Председатель совещания Уваров сказал: «Я с Рамзиным не был знаком (при этом он перекрестился), никогда с ним не встречался, но я был арестован, у меня отняли партбилет из-за клеветнического показания Рамзина. Я многое пережил, находясь в тюрьме, на допросах у следователей в течение восьми месяцев. В конце концов меня выпустили из тюрьмы, вернули мне партбилет. А вот моего начальника по службе, старого члена партии, участника революции по клевете Рамзина арестовали. Он энергично протестовал против ложных обвинений и от сильного волнения в процессе допросов на следствии умер».
По доносу Рамзина был арестован М. А. Михеев — после войны он был избран членкором Академии наук СССР, позднее и академиком. Он подвергался допросу девять месяцев. Все обвинения, которые предъявляли следователи к нему, были ложными, клеветническими. Его отпустили… Многие специалисты, узнав, что я работаю вместе с Рамзиным, искали случая встретиться со мной. Таких встреч было много. Все меня предупреждали, чтобы я не работал вместе с ним, что рано или поздно он со мной расправится, что он очень опасный человек, имеет поддержку спецорганов… Я встречался со специалистами, которые вызывались на допрос к следователям. Все они говорили, что процесс «промпартии» был придуман и сценарий этого процесса составлен органами и прокуратурой по указанию Сталина.
В конце мая 1943 года я вернулся с фронта из части Первой воздушной армии в Москву, и мне передали телеграмму от Г. М. Кржижановского: «Организуй вызов Рамзина в Москву».
Столица в это время находилась на чрезвычайном положении, для въезда в нее нужен был специальный пропуск. Мне посоветовали обратиться к уполномоченному ГКО Кафтанову. Он принял меня, а сам ушел в соседнюю комнату, очевидно, согласовать вопрос по телефону. Через десять минут вернулся и сказал:
— Пошлите от себя телеграмму Кржижановскому: «По не зависящим от меня причинам вызов Рамзина не состоится».
Я пошел на телеграф. Через десять дней получил вторую телеграмму от Кржижановского: «Встречай Рамзина сегодня выехал Москву»… Я встретил профессора Рамзина на сортировочной станции Казанского вокзала. Специальный вагон, в котором он ехал, не был подан на платформу вокзала. Он мне сообщил, что приехал в Москву по телеграмме ЦК партии, подписанной Маленковым, а завтра мы едем в ЦК ВКП(б).
На следующий день пошли к Маленкову: мне выдали разовый пропуск, а Рамзину на десять дней. В приемной Маленкова нас встретил его секретарь и сказал, что по указанию товарища Сталина Леонида Константиновича вызвали в Москву по служебным делам…

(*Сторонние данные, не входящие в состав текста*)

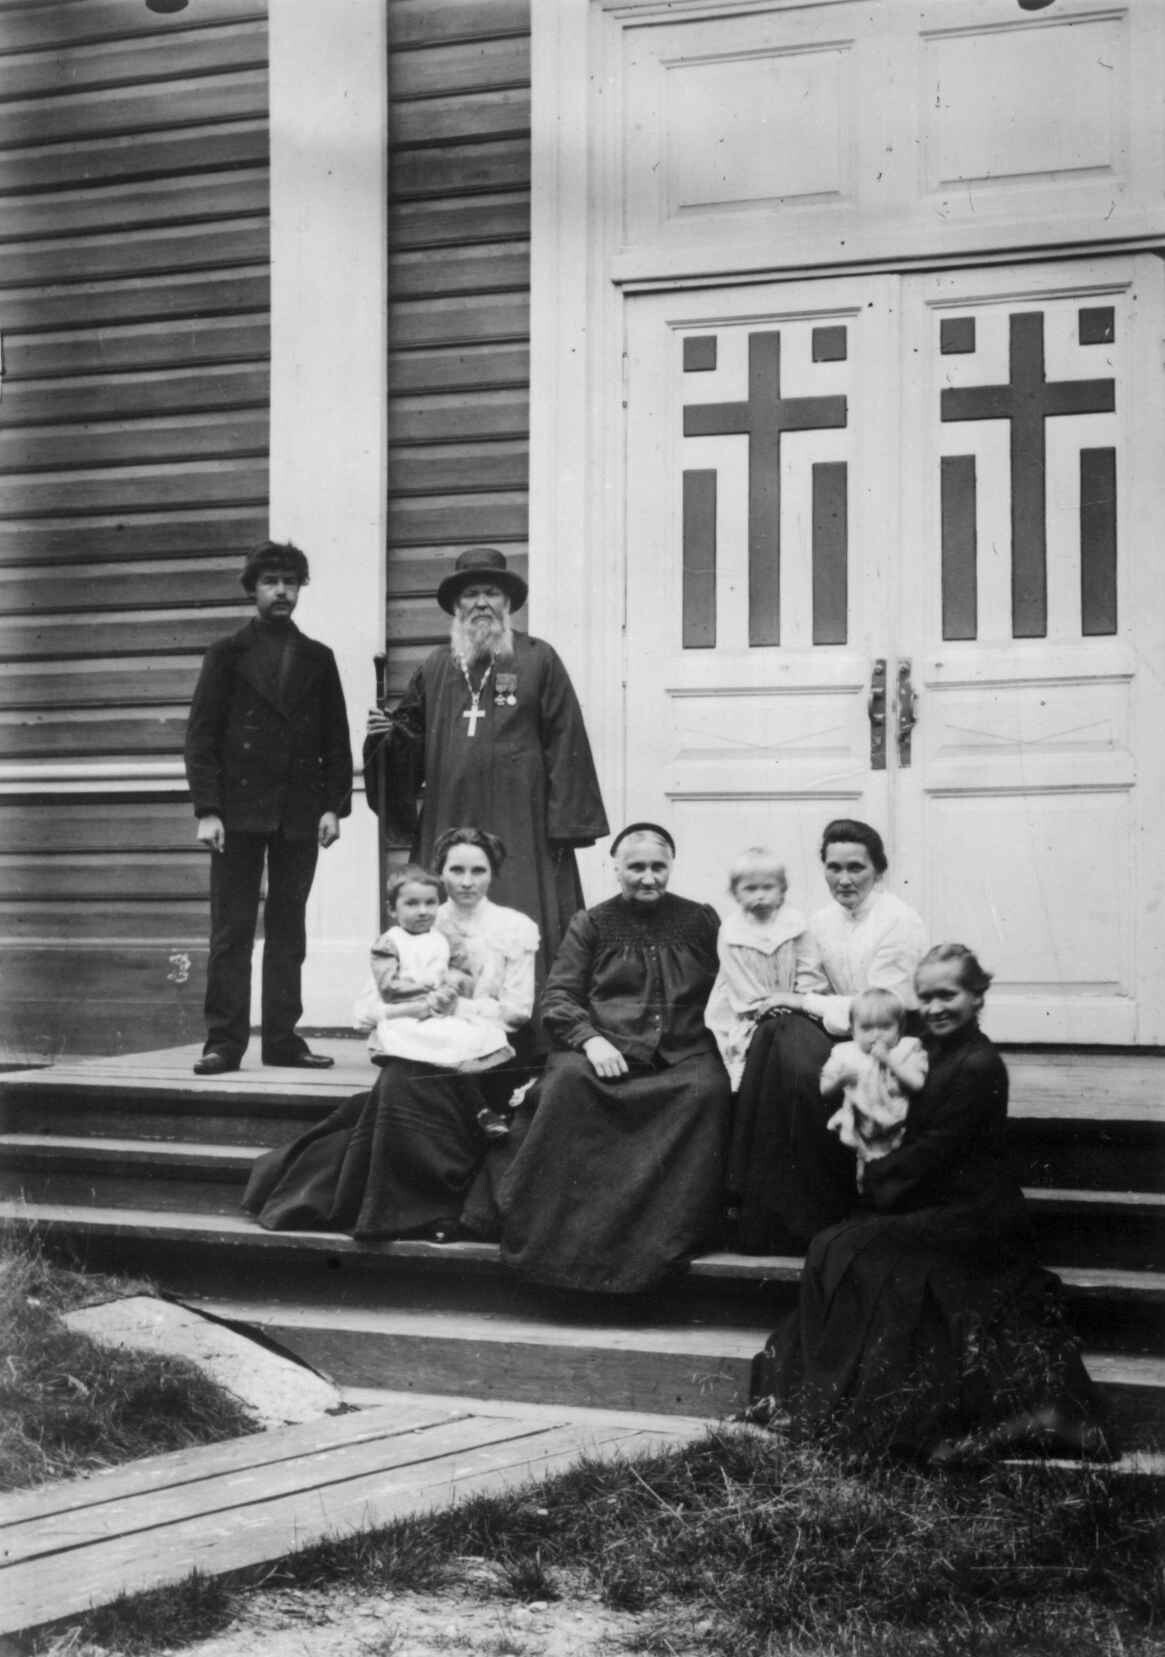 Щеколдин с семьёй, Россия, 1903. Фотограф Эллизиф Ранвейг Вессель

Через несколько дней я прочитал в газетах постановление Совнаркома СССР о том, что профессору Рамзину присуждена Сталинская премия первой степени. Вне очереди. Указом Президиума Верховного Совета СССР Рамзин был также награжден орденом Ленина. После этих наград ВАК утвердил Л. К. Рамзину без защиты диссертации ученую степень доктора технических наук.
Осенью 1943 года институт вернулся в Москву. По указанию Сталина Совет Министров СССР выделил для Рамзина штатную единицу на ученое звание члена-корреспондента АН СССР. Большому вниманию к нему со стороны Сталина Леонид Константинович был рад и взволнован настолько, что после всего этого заболел. А Глеб Максимилианович Кржижановский вызвал меня к себе в кабинет и просил срочно оформить документы «личного дела Рамзина» для баллотирования на выборах его в члены-корреспонденты АН СССР.

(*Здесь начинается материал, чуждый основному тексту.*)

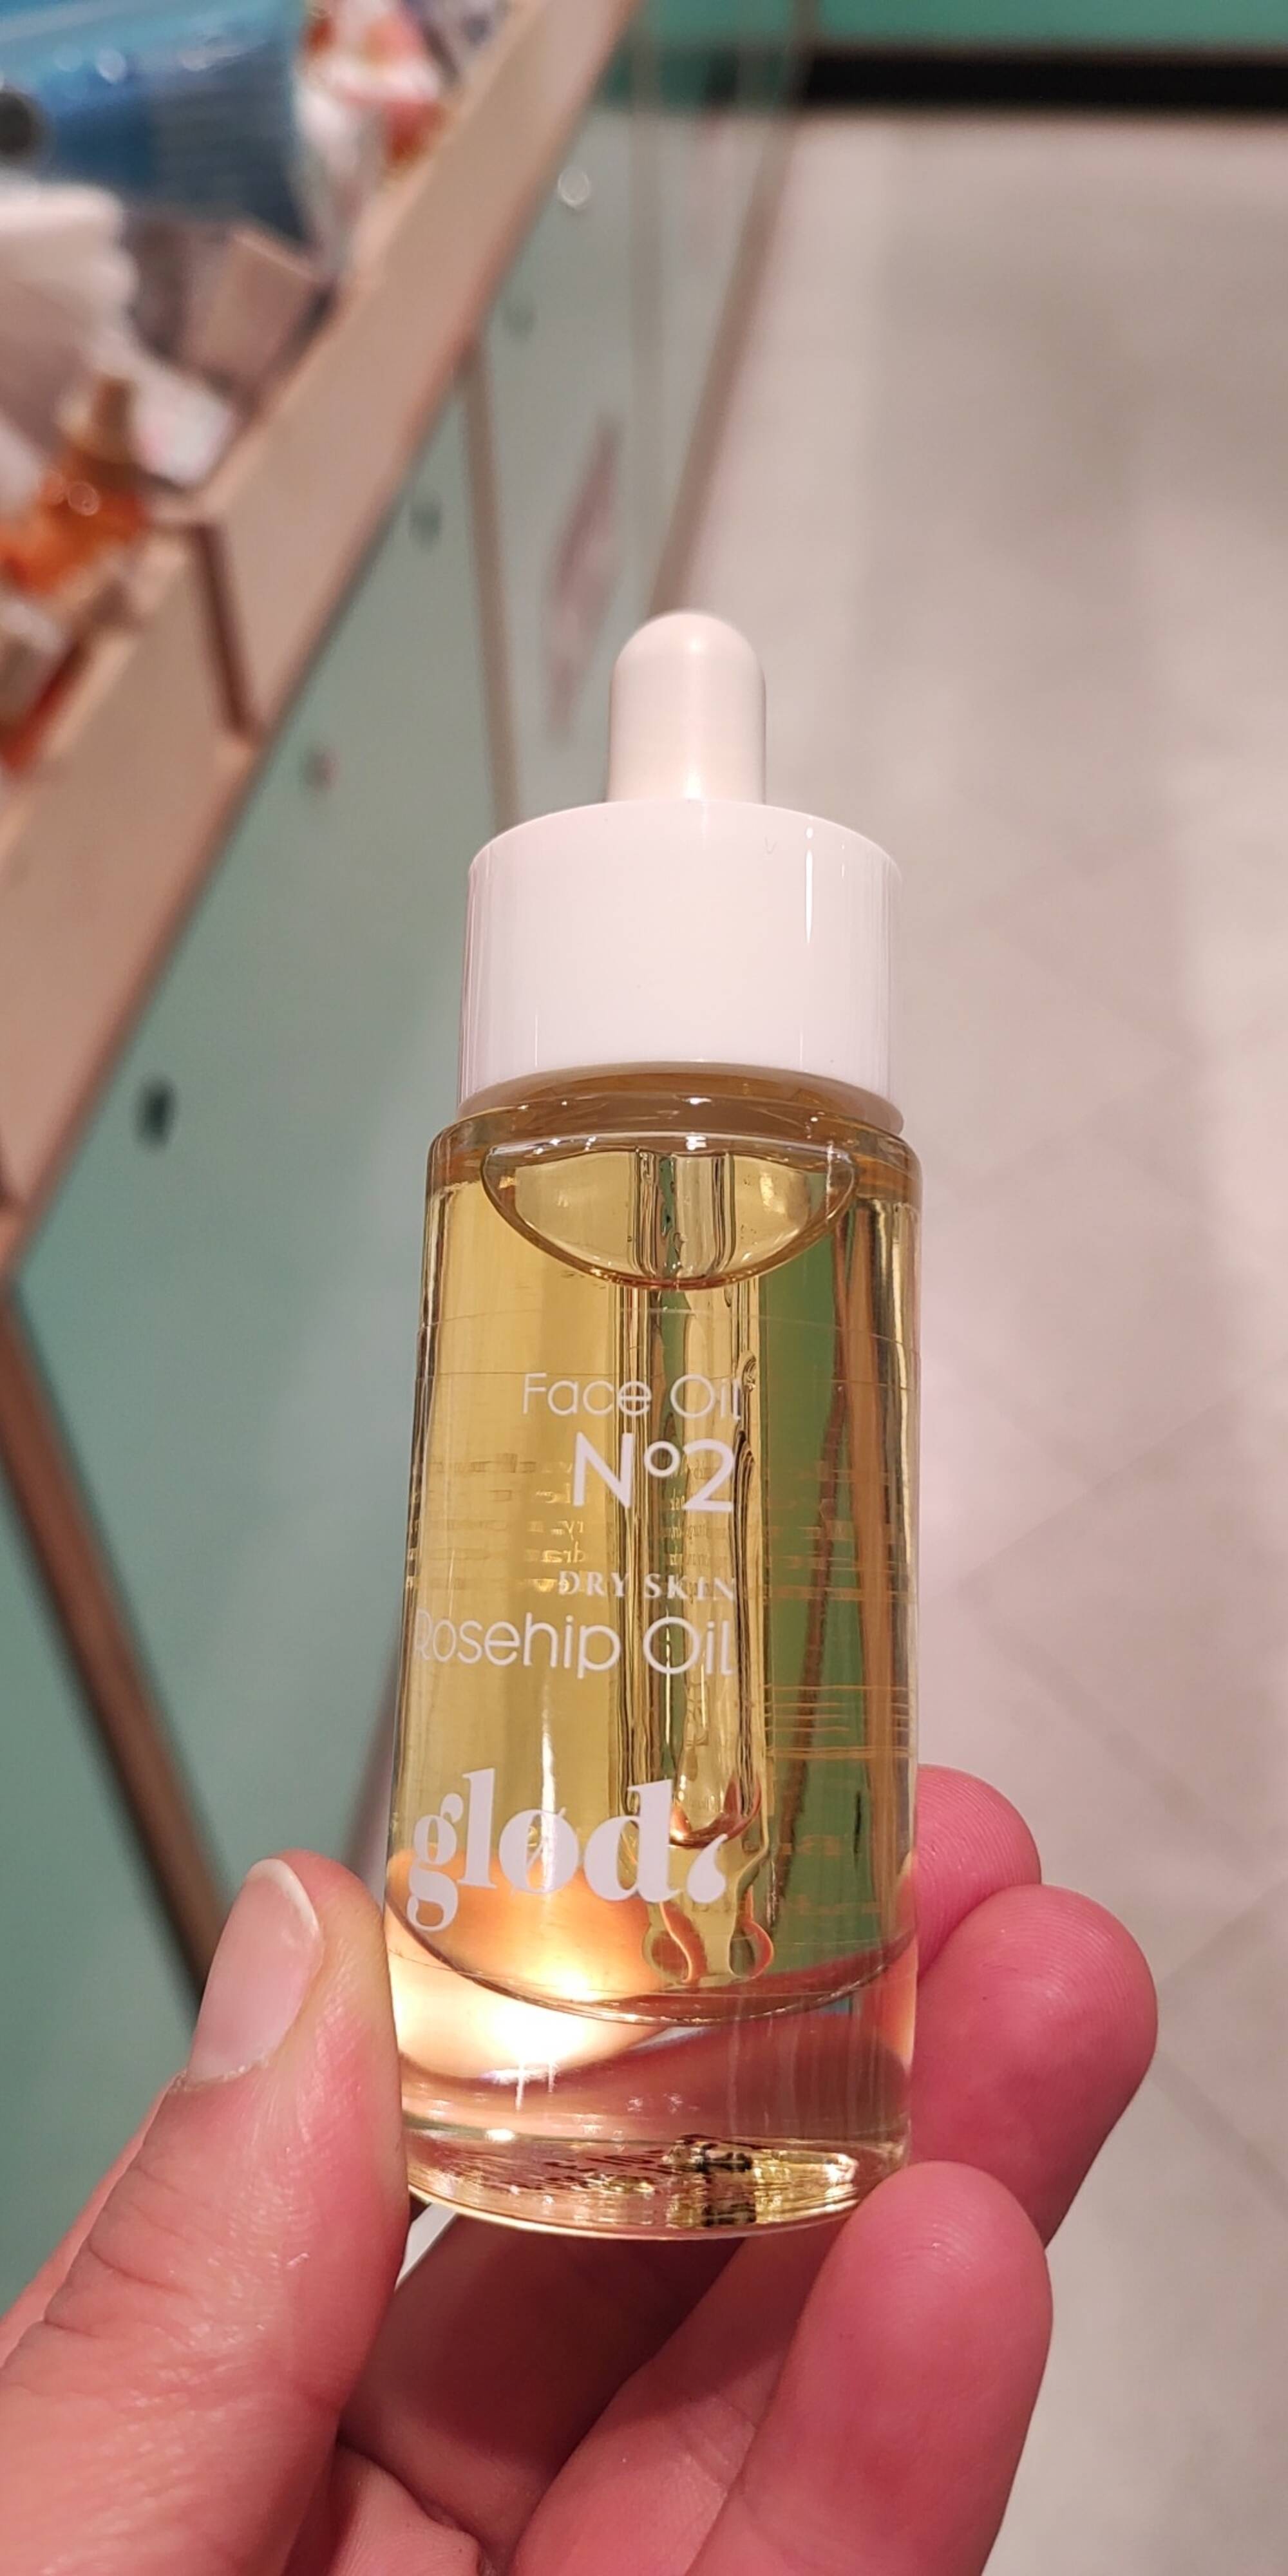 GLOD - Face oil n° 2 - Rosehip oil dry skin

До нашего личного знакомства я Рамзина знал мало, но в своей инженерной работе часто пользовался его трудами при расчете процессов сушки материалов и горения топлива для конструирования промышленных топок. По газетным статьям я знал его как врага нашего народа. Сотрудники лаборатории ЭНИНа чувствовали в лице Рамзина талантливого научного руководителя. Он обладал уникальной памятью, обширными знаниями, особенно в области теплоэнергетики. С ним работать было легко и плодотворно, как при проведении опытов, так и при обобщении экспериментальных данных. Он своим тактом, знаниями и энергией умел мобилизовать коллектив сотрудников.
В 1943 году профессор Рамзин занял должность заведующего лабораторией, а я стал его заместителем. Он был доволен моей работой, мне доверял. Я часто по делам службы бывал у него дома и был знаком с его женой, старшей его сестрой и дочкой. Я познакомился с материалами личного дела Рамзина и был удивлен и восхищен его деятельностью. Он своим трудом как специалист и общественный деятель внес большой вклад в индустриализацию нашей страны. Когда я получил от него материалы личного дела и уже собирался уехать в президиум АН СССР для передачи документов, он попросил меня задержаться, решил поговорить со мной. Он был в хорошем настроении, но больной. Его жена, Эра Багдасаровна, накрыла стол и подала кофе. Мы продолжали непринужденный разговор о работе. Он был рад, что будет баллотироваться в членкоры. Затем сказал, имея в виду Сталина: «Хозяин помнит обо мне. Я благодарен ему за высокую оценку моей деятельности…» Задумался и еще сказал: «С выборами меня в членкоры не должно быть затруднений. Хотя все может случиться при тайном голосовании…»
Я внезапно и впервые спросил его: «Ваш большой вклад в советскую технику и науку хорошо известен. Но не помешает ли ваше участие в „промпартии“?» Он нервно передернулся, повернулся в мою сторону и, смотря на меня в упор, сказал: «Это был сценарий Лубянки, и Хозяин это знает»…
Я поблагодарил Эру Багдасаровну за угощение, пожелал Леониду Константиновичу быстрейшего выздоровления и попрощался.
Через несколько месяцев в Академии наук состоялись довыборы. Голосование тайное. В голосовании принимали участие двадцать пять академиков и членкоров Академии наук СССР. За кандидатуру Рамзина проголосовали: за — 1, против — 24. Таким образом ученые наказали Рамзина. Сталину не удалось внедрить Рамзина в Академию наук СССР.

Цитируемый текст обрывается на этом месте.